OKLAHOMA CITY - Religious groups demonstrate a substantial likelihood of success in their Religious Freedom Restoration Act of 1993 (RFRA) challenge to the Patient Protection and Affordable Care Act (ACA)'s contraceptive mandate, an Oklahoma federal judge held March 10 (Reaching Souls International Inc., et al. v. Kathleen Sebelius, et al., No. 13-1092, W.D. Okla.; 2014 U.S. Dist. LEXIS 30497).
LAS VEGAS - A federal magistrate judge in Nevada on March 3 ruled that the Securities and Exchange Commission may use an alternative means to serve a defendant in an enforcement action who is living in Israel, because international law and the laws of Israel allow for such action (Securities & Exchange Commission v. Banc de Binary, et al., No. 13-993, D. Nev.; 2014 U.S. Dist. LEXIS 26730).
NEW YORK - The Second Circuit U.S. Court of Appeals on Feb. 19 affirmed a trial court's decision to confirm an international arbitration award issued in favor of Citigroup Inc., finding that the tribunal did not err in applying New York law to the case (Abu Dhabi Investment Authority v. Citigroup Inc., No. 13-1068, 2nd Cir.; 2014 U.S. App. LEXIS 2940).

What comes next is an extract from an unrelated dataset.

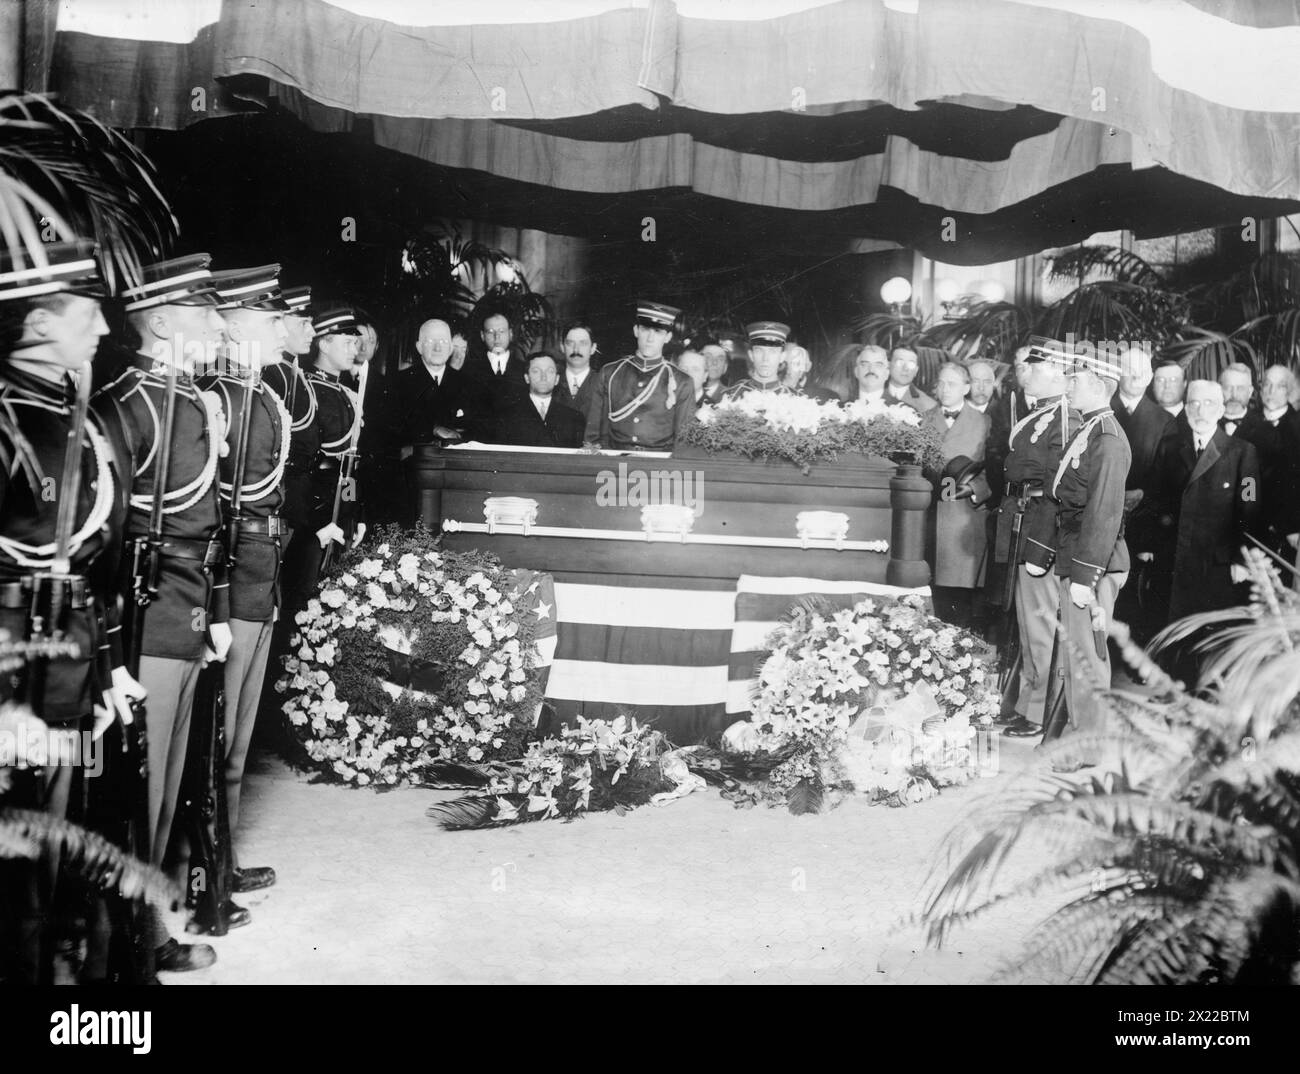 Vice Pres't. Sherman lying in state, 1912. Shows funeral on November 2, 1912 for James Schoolcraft Sherman (1855-1912), Vice President under William Howard Taft, Utica, New York. Stock Photo

PASADENA, Calif. - There was nothing deceptive in an automaker's use of Environmental Protection Agency mileage estimates, and the California unfair competition law (UCL) imposes no duty to disclose lower, internal estimates, a Ninth Circuit U.S. Court of Appeals panel held Feb. 5 (Tracy Gray, et al. v. Toyota Motor Sales U.S.A. Inc., Toyota Motor North America Inc., No. 12-55362, 9th Cir.).
SAN FRANCISCO - United Airlines Inc.'s sick leave plan and trust is not an employee benefits plan governed by the Employee Retirement Income Security Act and, therefore, is subject to California's Kin Care Law, which requires employers who provide paid sick leave to their employees to use sick leave to care for family members, a California appellate court ruled Jan. 31 (Airline Pilots Association International, et al. v. United Airlines, Inc., No. A129914, Calif. App., 1st App. Dist., Div. 4; 2014 Cal. App. LEXIS 100).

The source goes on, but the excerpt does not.